A bullet leaves a gun at an angle of 40 degrees to the horizontal. It reaches maximum height in 1.3 seconds. Determine the speed (velocity) with which the bullet left the gun (aka initial velocity of bullet).
1. t = (Vfy - Voy) / -9.8 m/s/s
The Attempt at a Solution
First, i found the component for initial vertical velocity by solving for Voy:
(knowing that vertical velocity at max height is zero, 0 - Voy = -Voy)
t = -Voy / -9.8 m/s/s = 1.3 sec., -9.8m/s/s times 1.3 sec. = -12.74 m/s component for initial vertical veloc. (Voy)

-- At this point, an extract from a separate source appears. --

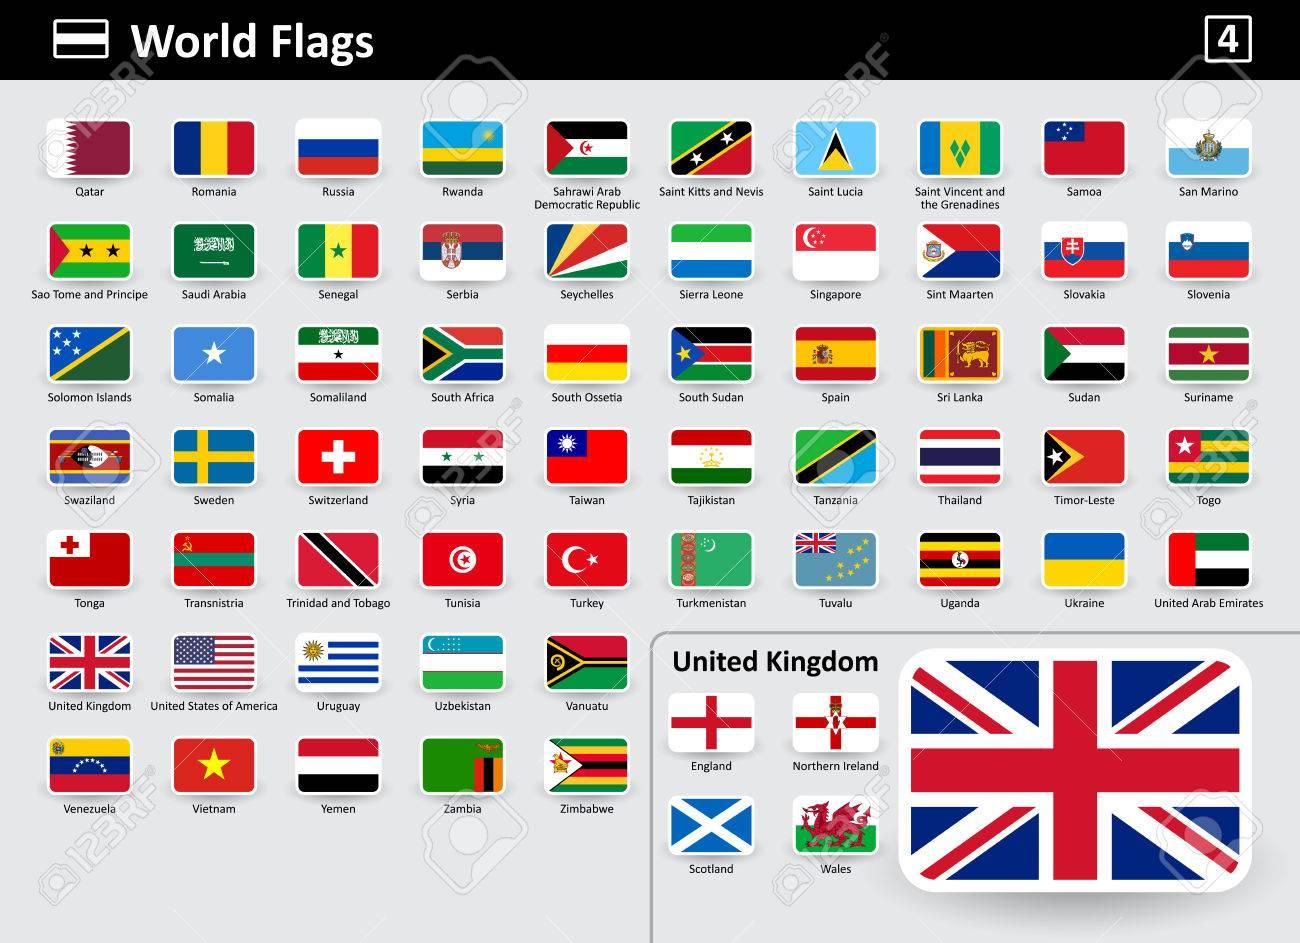 imagenes de todas las banderas con su nombre

i understand that this is the time equation, but to solve for the initial vertical veloc component and hence use that to find Vo, i had to work backwards, solving for the unknowns with what equations i can use. i hope my reasoning was accurate.
Next, I used the equation(vertical veloc. component equation): Vosin40 = -12.74 m/s, then solved for Vo: (12.74 / sin40) = 19.81 m/s Initial Velocity when bullet leaves gun. This will be the same for both equations: Vocos40, Vosin40.
That is, 19.81 m/s = Vo in the equations Vocos40 and Vosin40
19.81cos40 (horizontal veloc. component) = 15.16 and
19.81sin40 (vert. veloc component) = 12.74
Vocos40 is not needed for this problem, but i just included to show that i understand what Vo means(initial velocity) as compared to say, Vox, Voy, etc.
Is this the correct way of finding the initial velocity? It seems to make sense to me but I'd like to make sure.